This repo contains some very basic security configurations that can be applied to a new AWS account that is not a part of an AWS Organization. Some of these configurations are FREE (either they don't cost anything or are completely covered by the AWS Free Tier), some are not (though they are very cheap and are recommended). They are separated into different parts, so you can apply just the free ones if that's what you want.
This is designed for people who don't (yet) know what they're doing and don't want to learn (yet). It is divided into six parts:
- 1: A CloudFormation template that you can apply with just one click, which will apply some FREE security configurations (listed in another section)
- 2: A CloudFormation template that you can apply with just one click, which will apply some NOT FREE security configurations (listed in another section)
- 3: Another CloudFormation template that will ask you for some input values and will apply some more FREE security configurations (listed in another section)
- 4: Another CloudFormation template that will ask you for some input values and will apply some more NOT FREE security configurations (listed in another section)

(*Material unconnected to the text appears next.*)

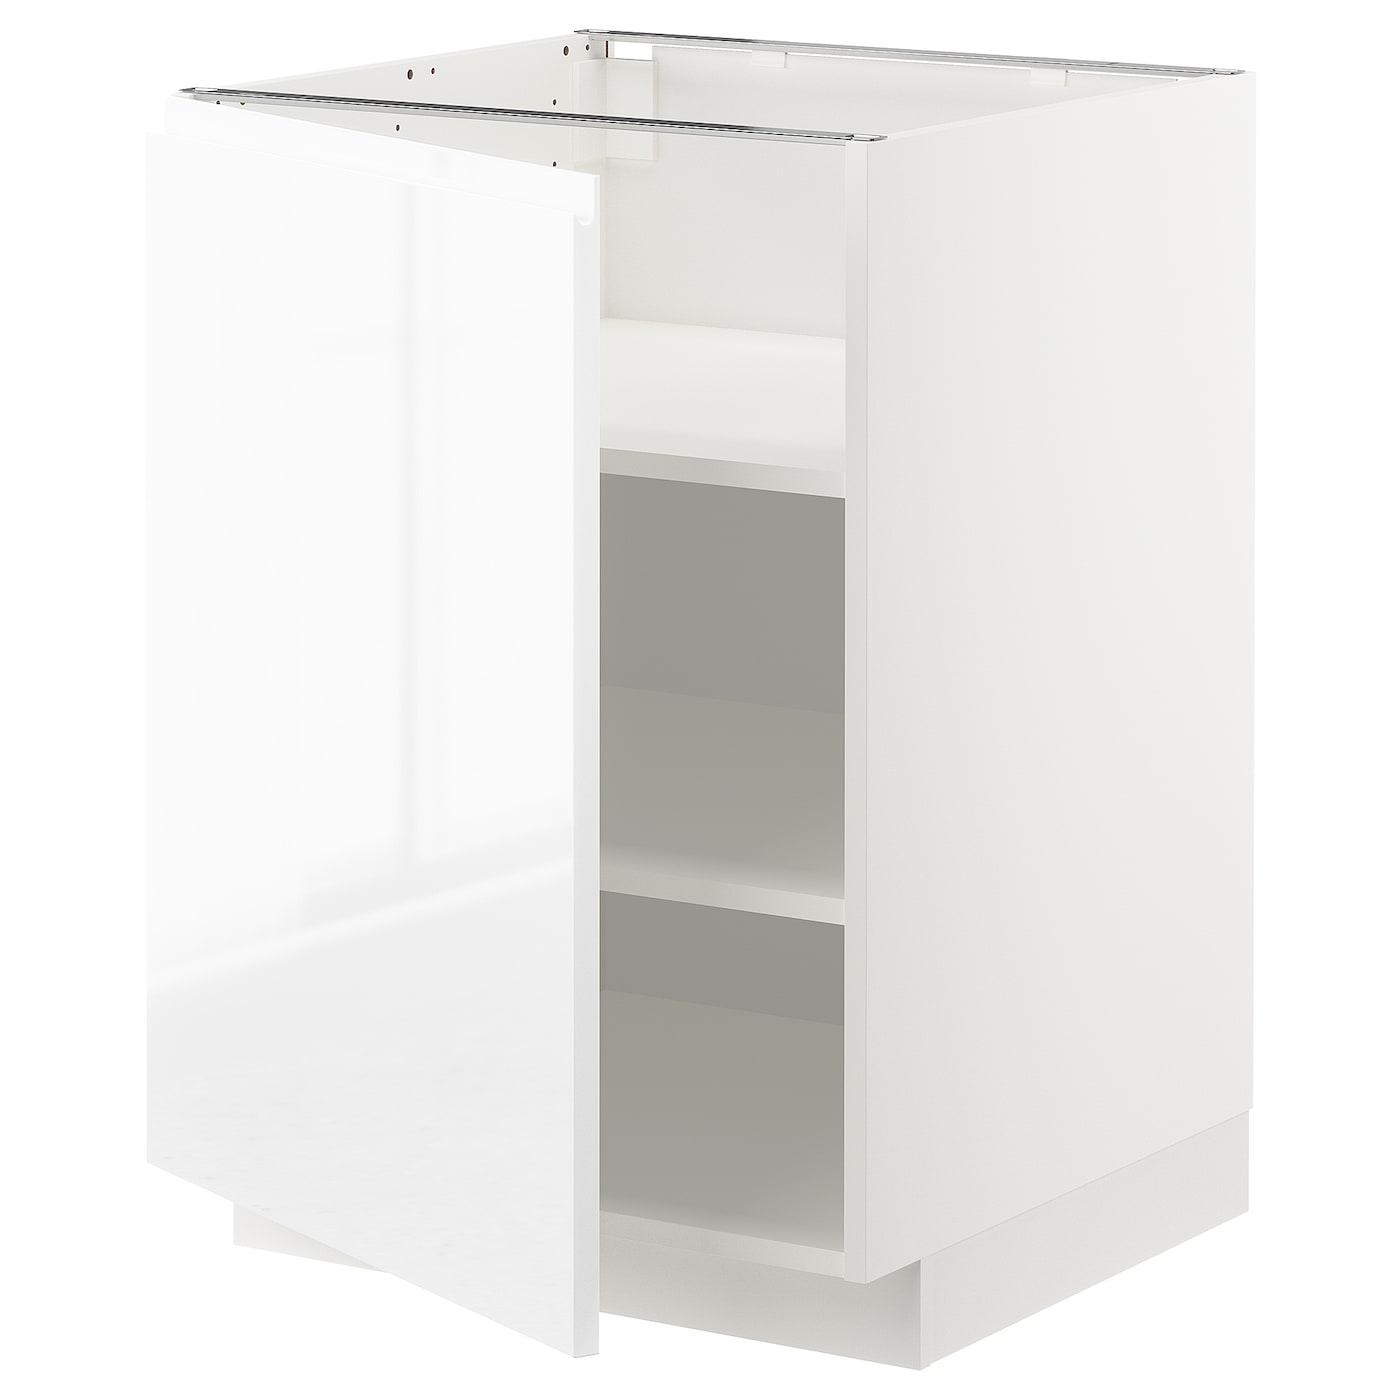 Metod Base Cabinet For Sink Black Järsta Orange 60x60 Cm: METOD Base Cabinet With Shelves White Voxtorp/high-gloss

- 5: A list of manual steps that cannot be automated and that you will want to perform to apply some more security configurations (some are marked FREE, some are marked NOT FREE).
- 6: A list of things that you should read, to better understand how to use your AWS account in a secure way.
The idea is to group together as many security configurations as possible (that are relevant to a single account) and let a person who is new to AWS apply these configurations to the AWS account they just created in an easy way that requires no knowledge of how this stuff even works. The reasoning behind this is that people create AWS accounts to start trying some stuff, or to do a workshop, and they don't want to dedicate some time (yet) to understand security in AWS. More often than not, these people will continue using their AWS accounts for similar learning purposes and only after months or even years of getting into AWS will they learn how to secure an AWS account (or better yet, an Organization) and realize how exposed they were.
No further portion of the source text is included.